Пригляделся, какой. Все ясно:
«водочный».
ПротоЛенин
Ночью, переключая каналы, попал на райзмановских «Летчиков», фильм тридцать пятого года. Еще не зная, что это такое, удивился стилистике, стал смотреть. В первый момент вообще заподозрил постмодернистскую стилизацию под тридцатые. Начальник летной школы сидит в кресле у парикмахера, лысый, с бородкой – ну вылитый Ленин; даже в жестах у него что-то узнаваемо ленинское. Как это? Не видели, что снимали? Какие-то шуточки по случаю бритья, ветер в окно, чихание парикмахера; Ленин намылен, побрит, и вот он уже не Ильич, а просто добряк с гладким и волевым подбородком. Такое ощущение, что иллюстрируют анекдот: «Бороду, конечно, можно сбрить, но как быть с убеждениями?..» Был поражен. А сегодня выяснил, что играл того дядьку Борис Щукин, которого мы, собственно, только и знаем как Ленина (а Ленина представляем по Щукину). Только до «Ленина в Октябре» Михаила Ромма оставалось еще два года (1937), и, в отличие от нас, зрители «Летчиков» с щукинским, экранным Ильичем еще не были знакомы, – человек, похожий, по поздним стереотипам, на Ленина, в кресле дурашливого парикмахера мог в тридцать пятом бесстрашно жертвовать своей намыленной бородкой без рискованных аллюзий на октябрь семнадцатого, 1918 год и грядущие анекдоты.
Наказание
Засыпаю под утро. Но не бессонница мое наказание, а неминучая пенсионерка, ни свет ни заря звонящая мне с одним и тем же вопросом: «Это собес?» Я устал объяснять, что телефон у собеса другой, что он отличается от нашего на одну цифру, что вместо 7 ей надо набирать 9 – ничего не помогает. Вероятно, наш номер у нее загнан в телефонную память и вызывается нажатием кнопки. Только усну, и: «Это собес?»

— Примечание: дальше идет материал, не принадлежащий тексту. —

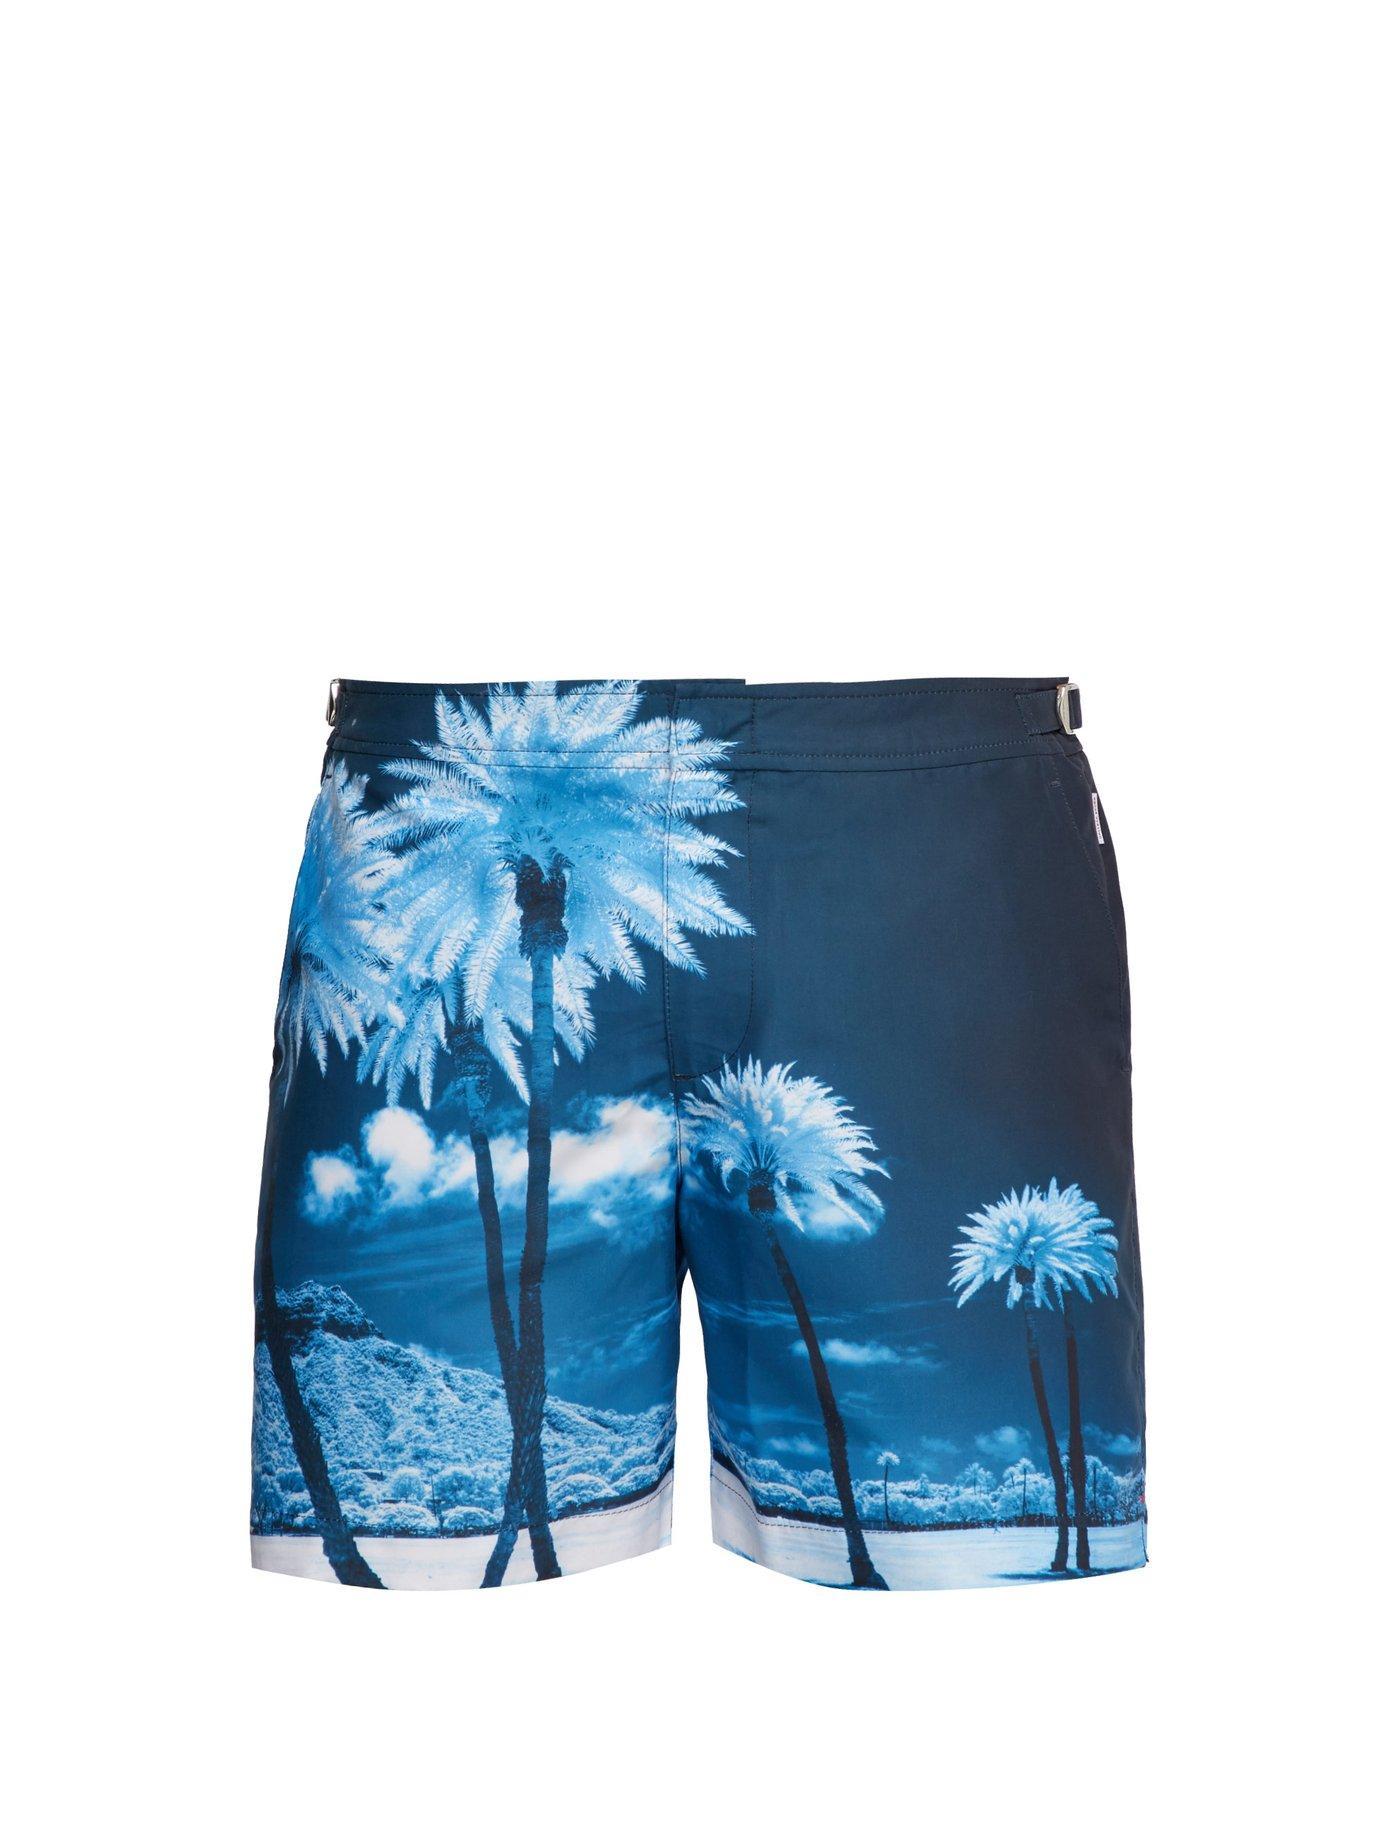 e8c0429339b Lyst - Orlebar Brown Bulldog Palm Tree Print Swim Shorts in Blue for ...
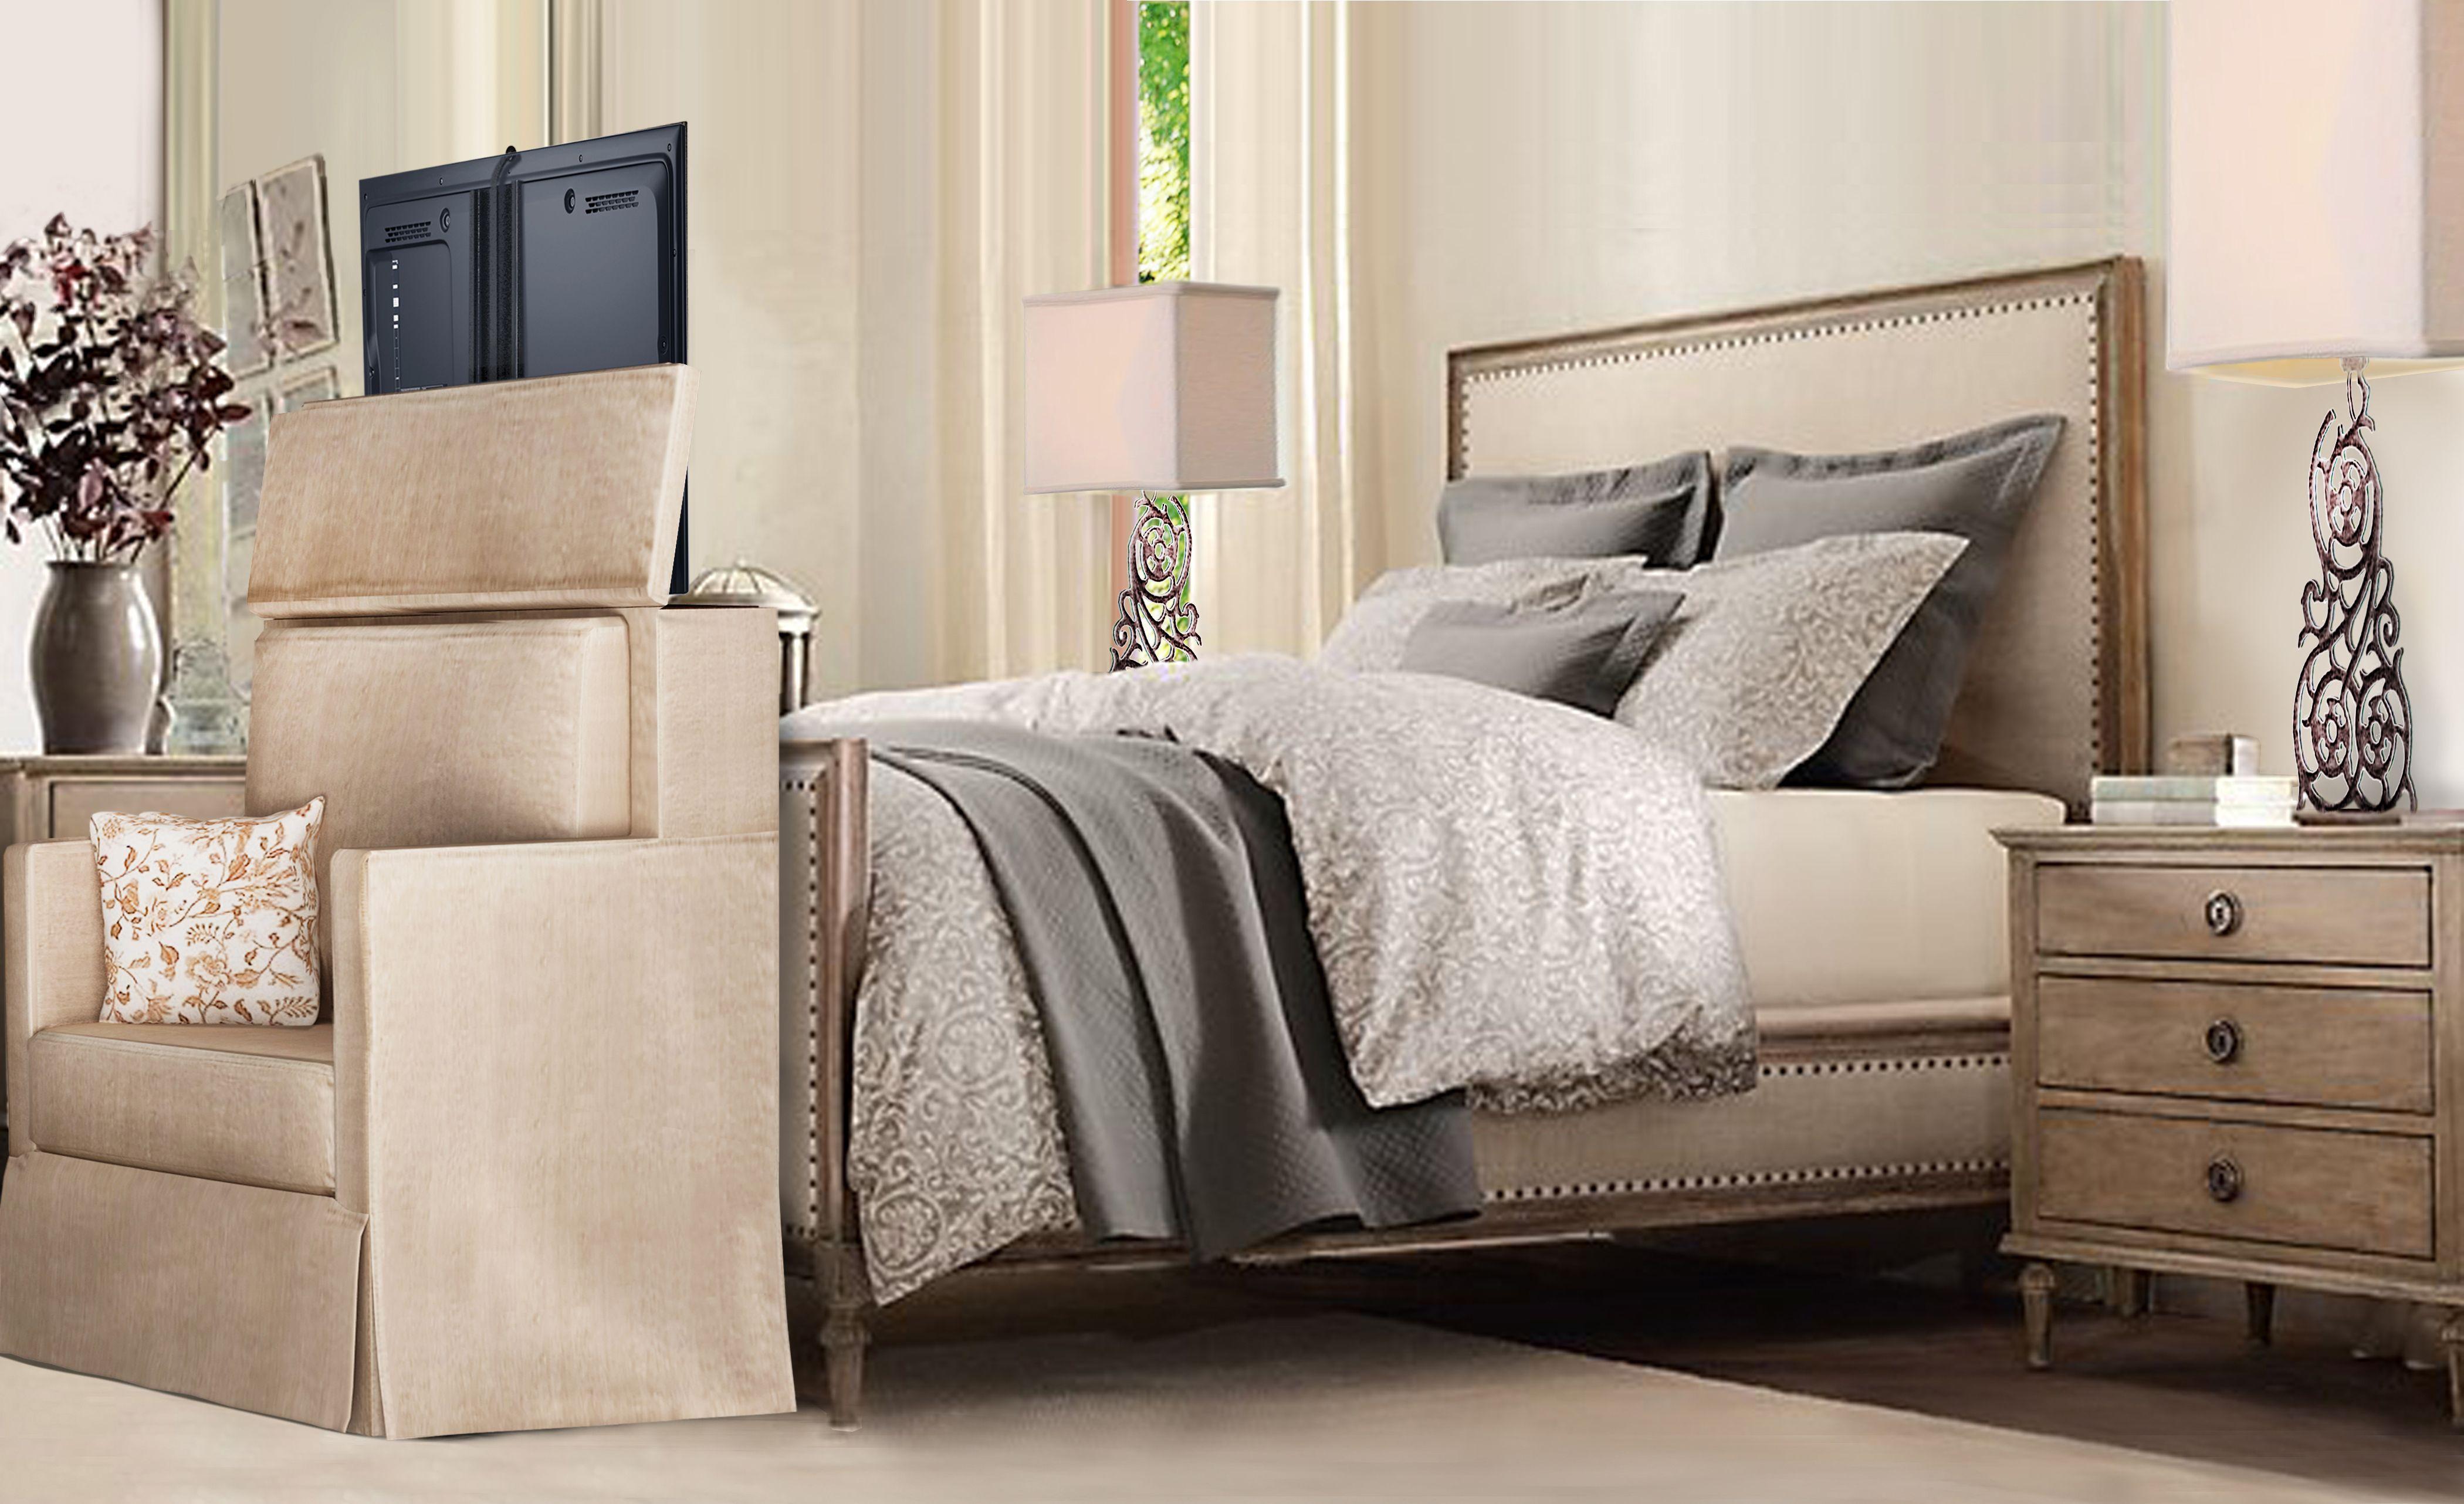 Custom sofa with TV Lift Home bedroom, Tv lift
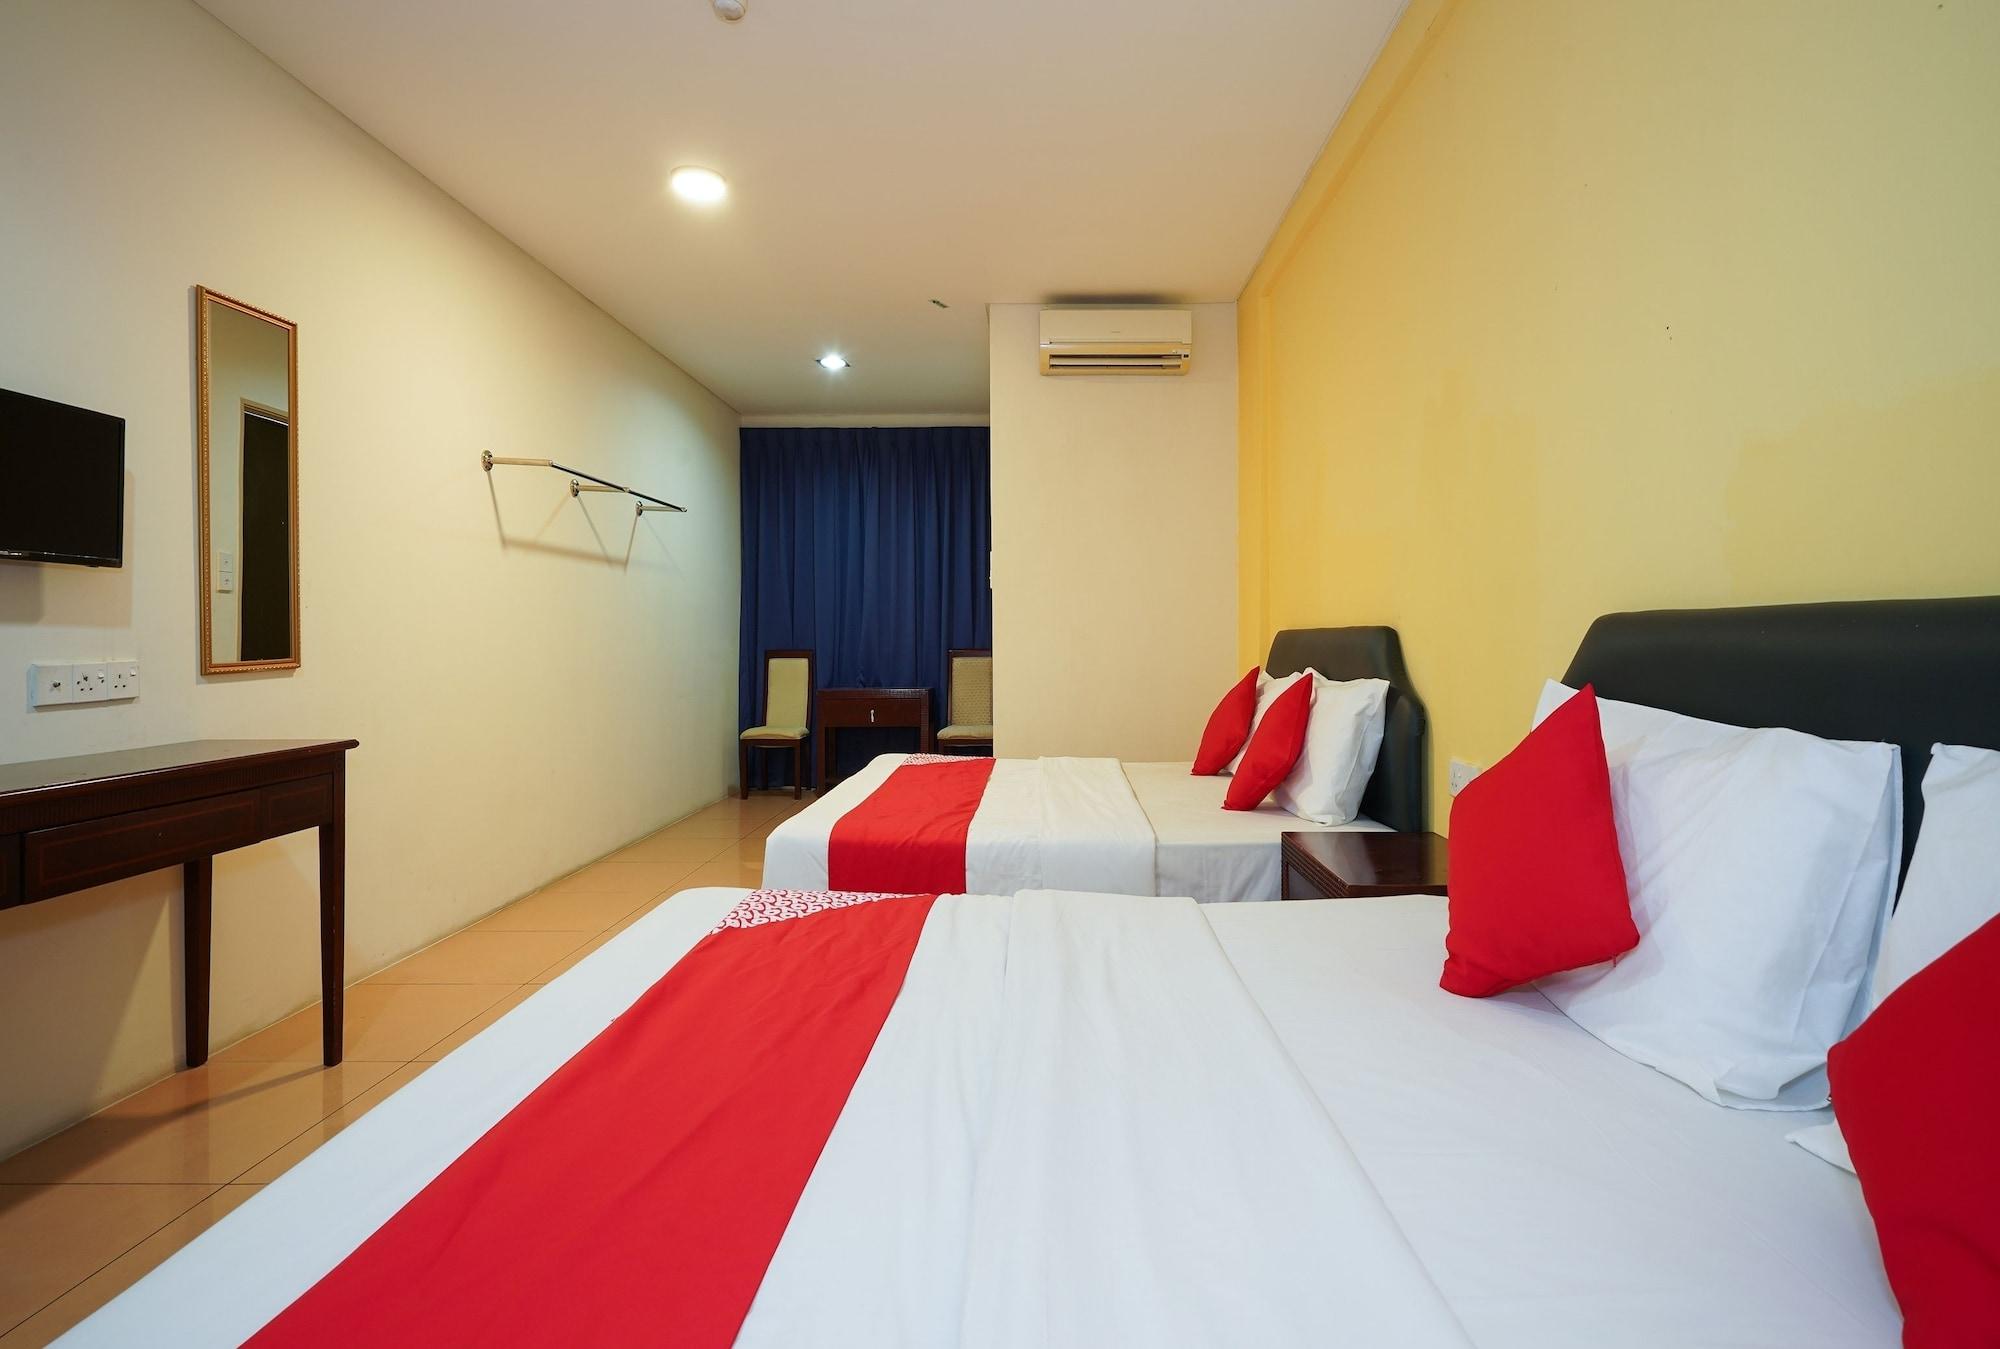 OYO 43955 N9 Business Hotel, Seremban

Свобода слова в нашей подворотне
Внушительных размеров надпись в нашей подворотне «Юдин, верни свободу Ходорковскому!» (все уже давно забыли, кто такой Юдин) красовалась на стене несколько лет, с момента ареста Ходорковского и вплоть до недавнего косметического ремонта нашего дома, а вот величиной с шахматную доску трафаретное «Аборт – убийство», в этой же подворотне образовавшееся на асфальте, закрасили в день появления. У нас во дворе медицинский центр.
Порденоне
Это час езды от Венеции. Место литературного фестиваля. Город украшен бесчисленными фестивальными флагами. Желтые уличные дорожки ведут к местам презентаций и встреч. Мероприятия – практически в режиме нон-стоп: порядка ста шестидесяти за три дня в разных частях старого города. Самые ранние в 8:30 (конечно, утра), но публика, чтобы попасть, приходит раньше и занимает очереди на еще пустынных улицах. Самые поздние начинаются в 10 вечера – в это время в городе максимум оживления. Не просто прохожие – многочисленные читатели – толпами ходят по городу. Книги продают до глубокой ночи – в огромных палатках-шатрах, едва умещающихся на площадях. Никакой завлекательной попсы, никакой агрессивной эстрады (вспоминаю наши «праздники книги»). Никто не кричит в мегафон. На презентациях только духовная пища. Полный зал на докладах философов. Быстрая итальянская речь на улицах города, возгласы восторга узнающих друг друга. Кофе. Ощущение праздника. Италия – литературоцентричная страна, или я что-то не понимаю. Порденоне – в эти три дня – блаженный остров литературы.
Великие имена
Разговор за столом почему-то зашел о Гарибальди. Я возьми и скажи, что русский хирург Пирогов спас Гарибальди ногу.